WHAT TO WORK ON: Leave out the pictures and restate the rest of the data exactly.

INPUT DATA:
########

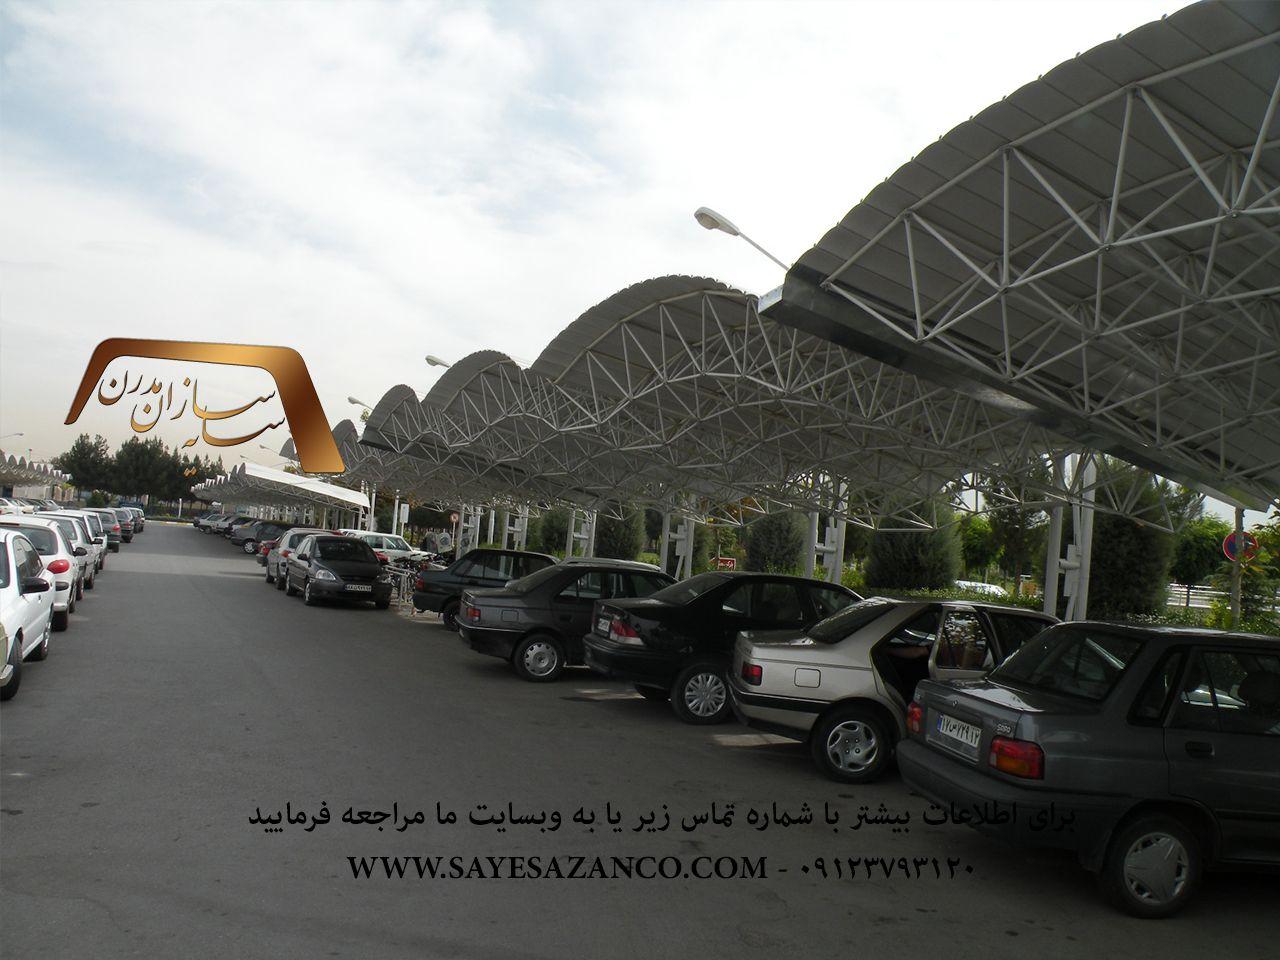 ساخت سایبان پارکینگ خودرو،سایه بان ماشین،سایبان پیش ساخته،سایبان ماشین اداری،سایبان حیاط در تهران ،مشهد و کرج
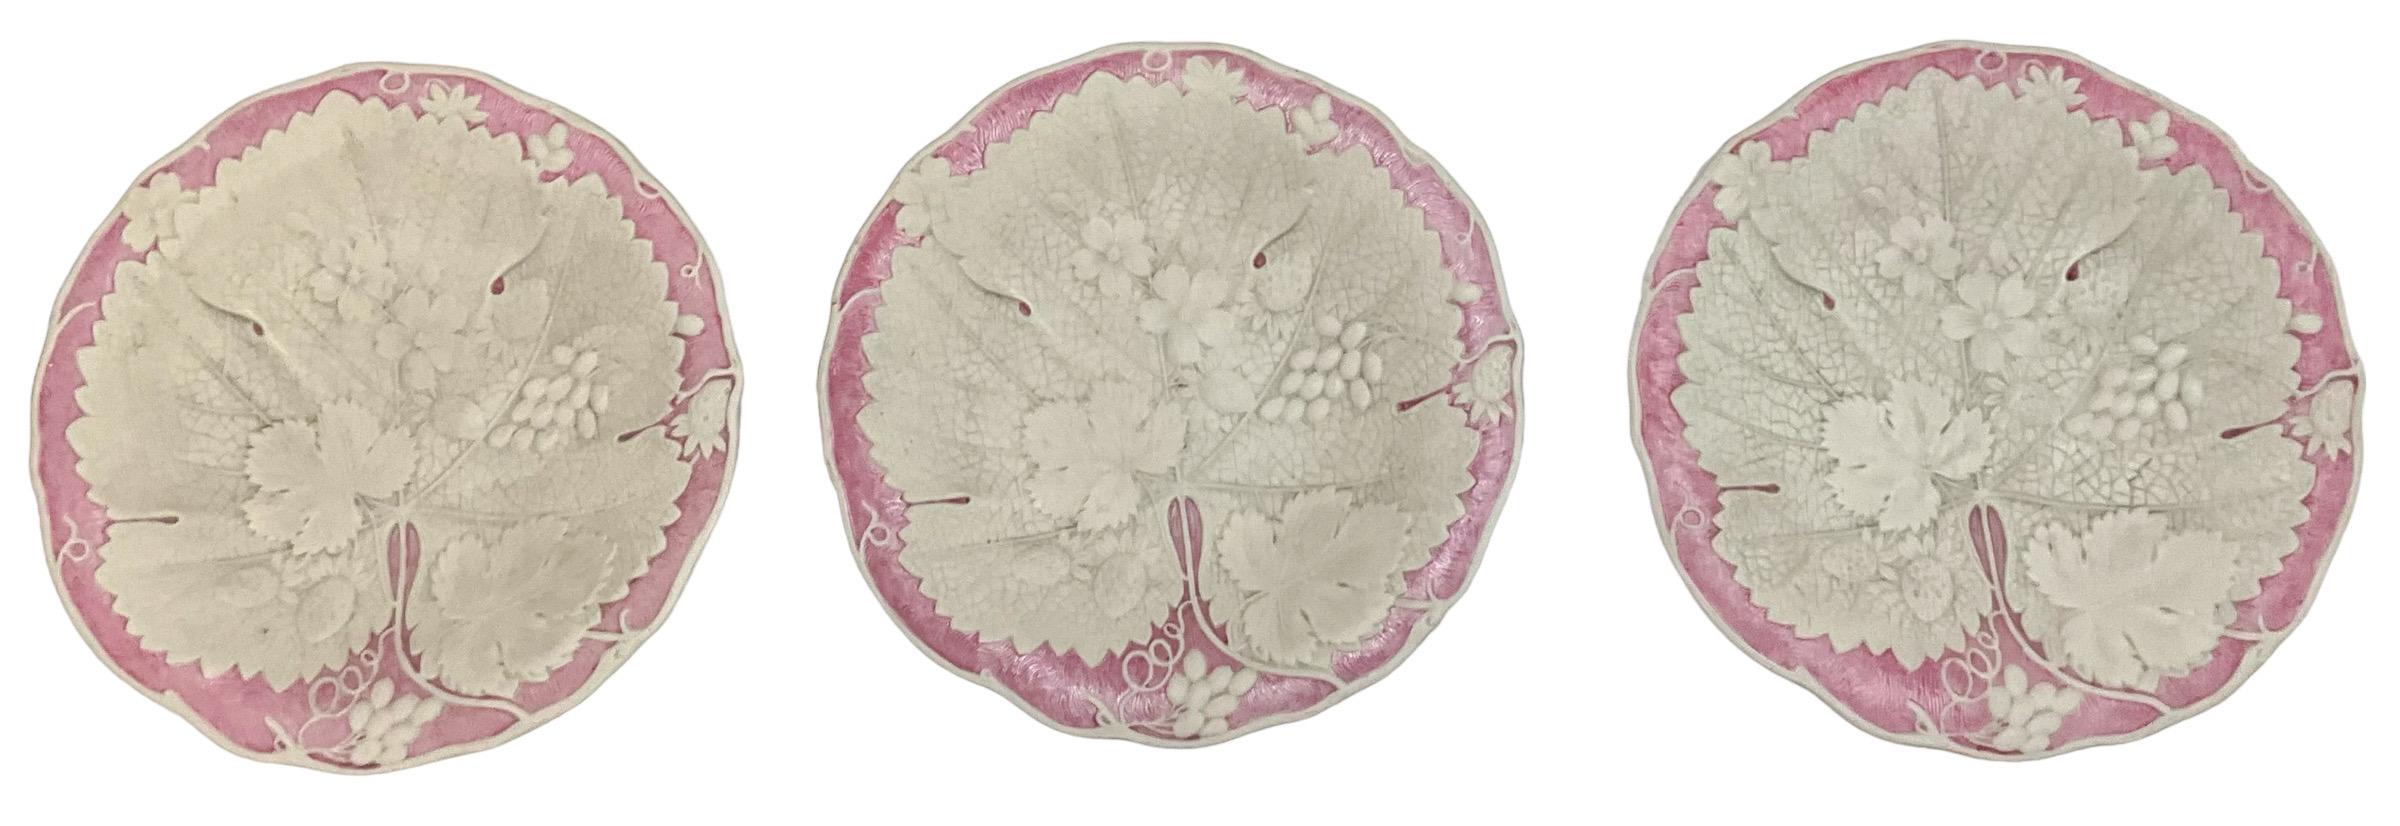 European English Wedgwood Style Basalt Glaze Pink & White Botanical / Begonia Plates -S/6
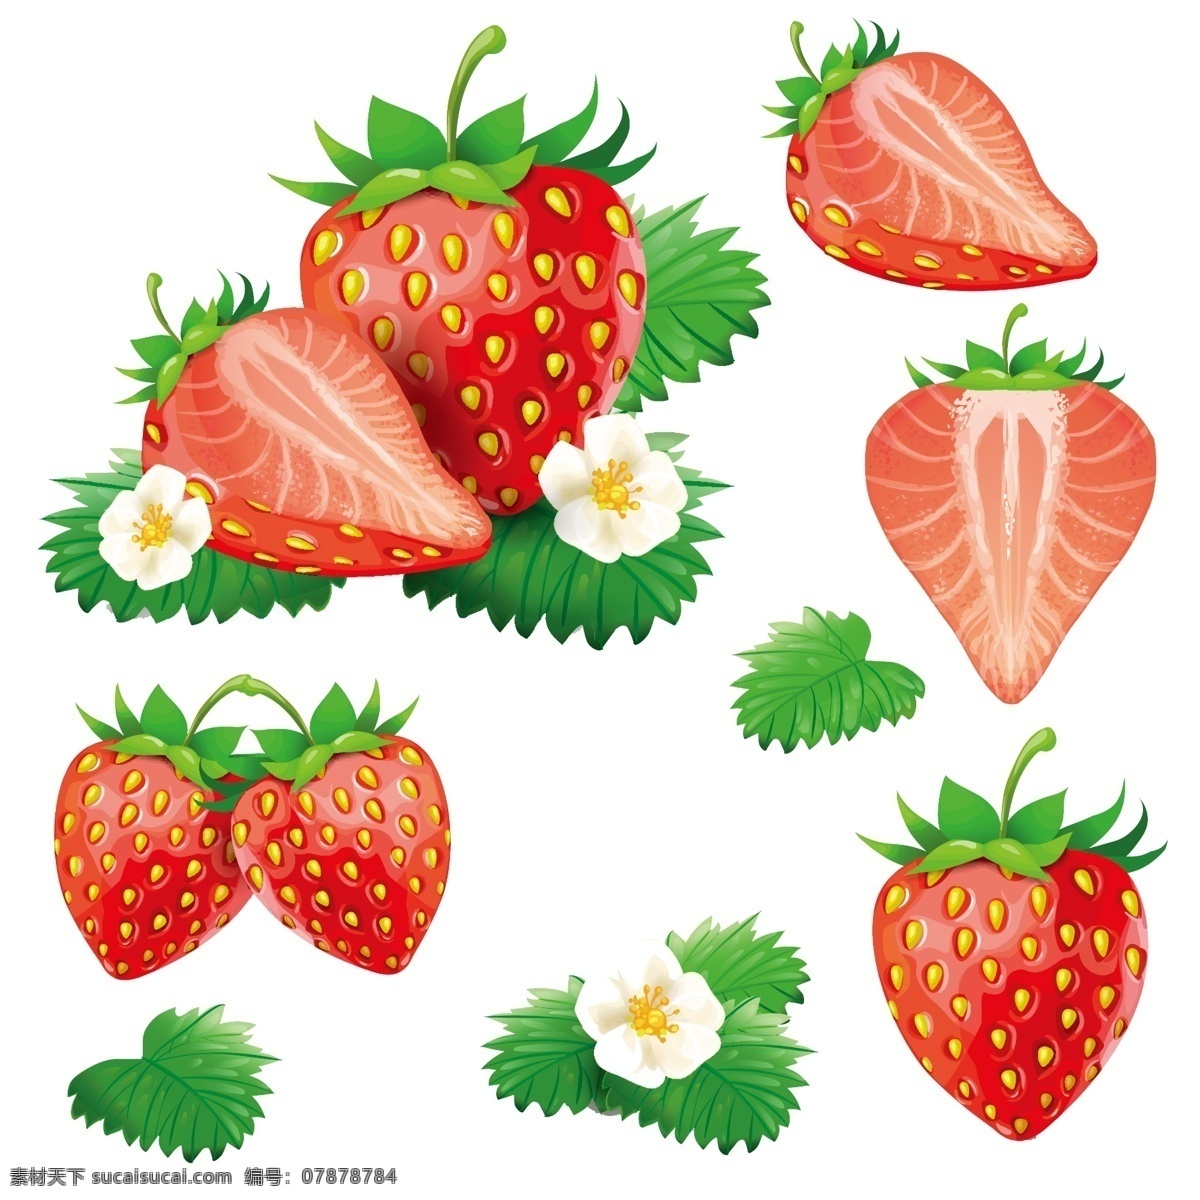 卡通草莓 草莓 矢量草莓 可爱草莓 草莓形象
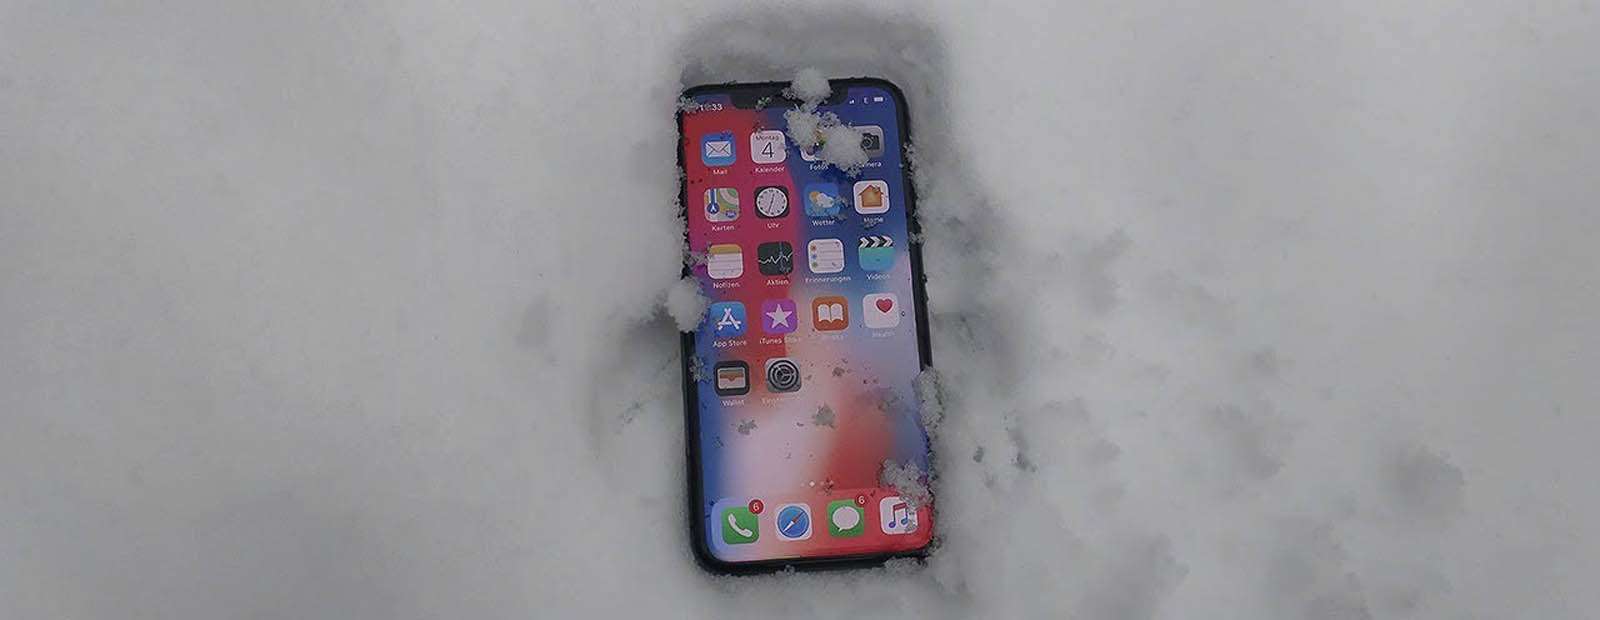 Почему телефоны садятся на морозе?

########

WRITTEN ANSWER:
 ساخت سایبان پارکینگ خودرو،سایه بان ماشین،سایبان پیش ساخته،سایبان ماشین اداری،سایبان حیاط در تهران ،مشهد و کرج
 European English Wedgwood Style Basalt Glaze Pink & White Botanical / Begonia Plates -S/6
 卡通草莓 草莓 矢量草莓 可爱草莓 草莓形象
 Почему телефоны садятся на морозе?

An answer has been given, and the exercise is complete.